Benjamin Grosvenor, a former British prodigy at the piano who has lived up to his potential, returns to the Steinway Society for a recital. (Photo courtesy Patrick Allen/Operaomnia.co.uk)

A golden guy: He was the youngest pianist ever to play on an opening of the BBC Proms series back in 2004 when he was just 11, and now the Financial Times of London has labeled him “the prodigy who has lived up to his promise.” Benjamin Grosvenor, who has amassed a long string of awards since, has also been named, by Gramophone, one of five members of “Piano’s Golden Generation.”

He returns to the Steinway Society series at 7:30 p.m. Saturday to give a recital in the Louis B. Mayer Theatre on the Santa Clara University campus. His program, which will also be available to livestream for 48 hours afterward, is filled with music by Bach, Schumann, Ravel and Prokofiev. Find tickets, $45-$70 in person, $40 for the livestream, at steinwaysociety.com or call 408-300-5635. 


Contralto Sara Couden is a featured soloist on a California Symphony program that explores the influences on composer Gustav Mahler’s creativity. (Photo courtesy Veronique Kherian)

Gustav’s groupies: It’s all about Mahler at the California Symphony’s concert programs in the Lesher Center for the Arts in Walnut Creek this weekend—but there’s nothing by the great German romantic composer on the program. That’s because conductor Donato Cabrera and his orchestra have decided to pay homage instead to “Mahler’s Inner Circle,” or three of his contemporaries and intimates who were deemed to have significant influence on him.

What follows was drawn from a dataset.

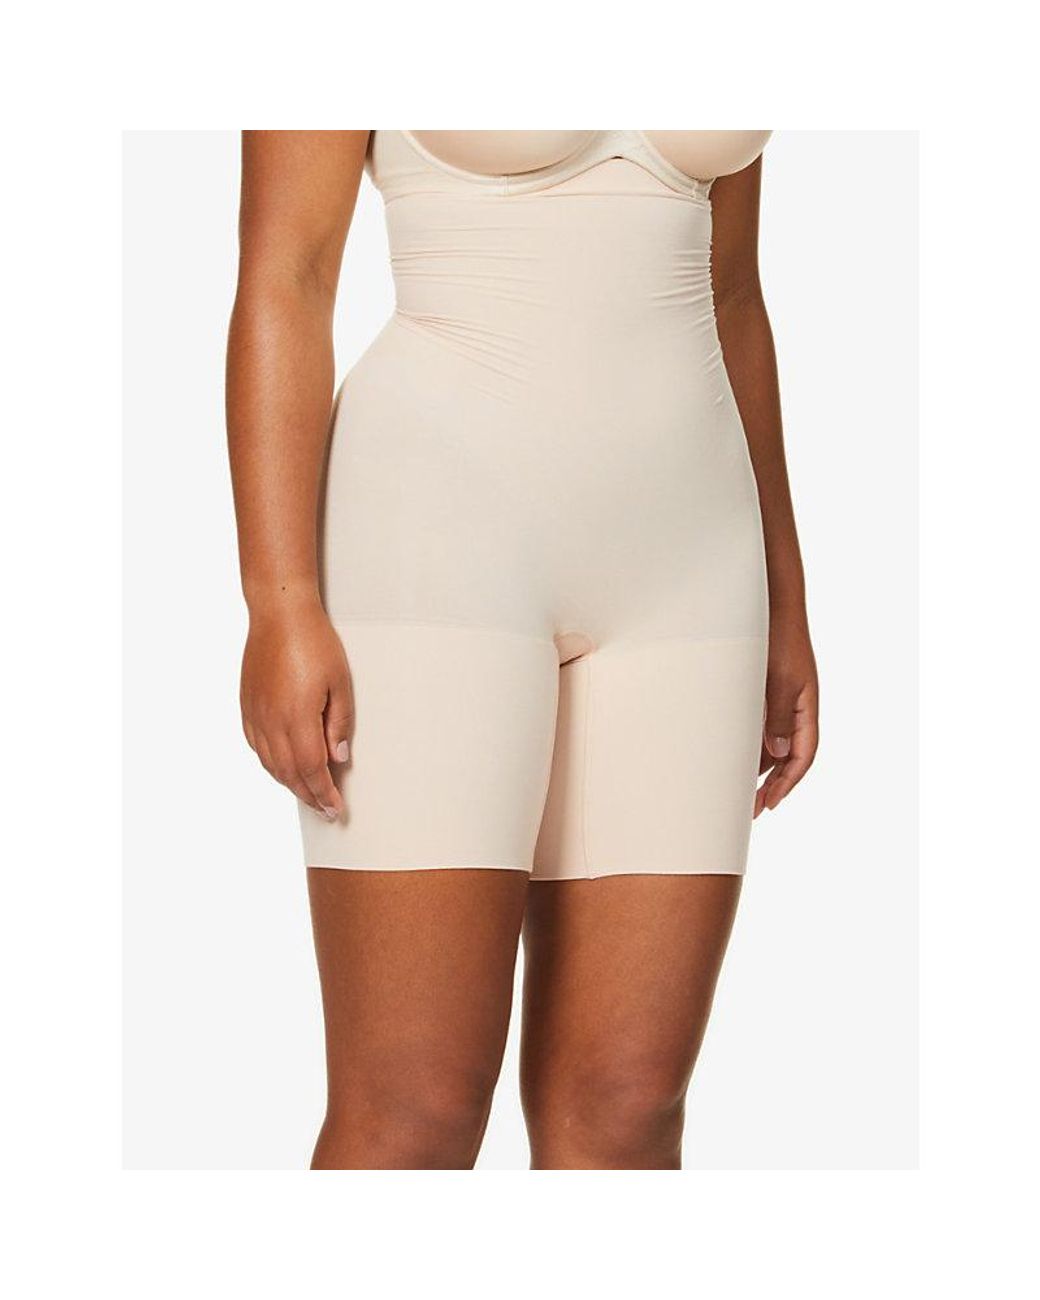 Spanx Higher Power Shorts in White

That would, of course, include his wife Alma, who relinquished her own career as a composer to marry him. Her “Fünf Lieder” (Five Songs) was her only work to be published in Mahler’s lifetime, and she was aided in that regard by the architect Walter Gropius (with whom she was having an illicit dalliance).

In addition to Alma’s pieces, which will be sung by Walnut Creek-based contralto Sara Couden, the orchestra will play the “Lustspiel Ouvertüre” by Alexander Zemlinsky, a former tutor and suitor of Alma’s, and the Symphony No. 1 by Hans Rott, a friend and fellow conservatory student of Gustav’s who died in an asylum at age 25, after leaving the world his one and only completed symphony. Cabrera will give a half-hour talk about all the connections before the performances, which take place at 7:30 p.m.

Saturday and 4 p.m. Sunday in the Lesher’s Hofmann Theatre. Tickets, $20-$79, are at californiasymphony.org or 925-943-7469.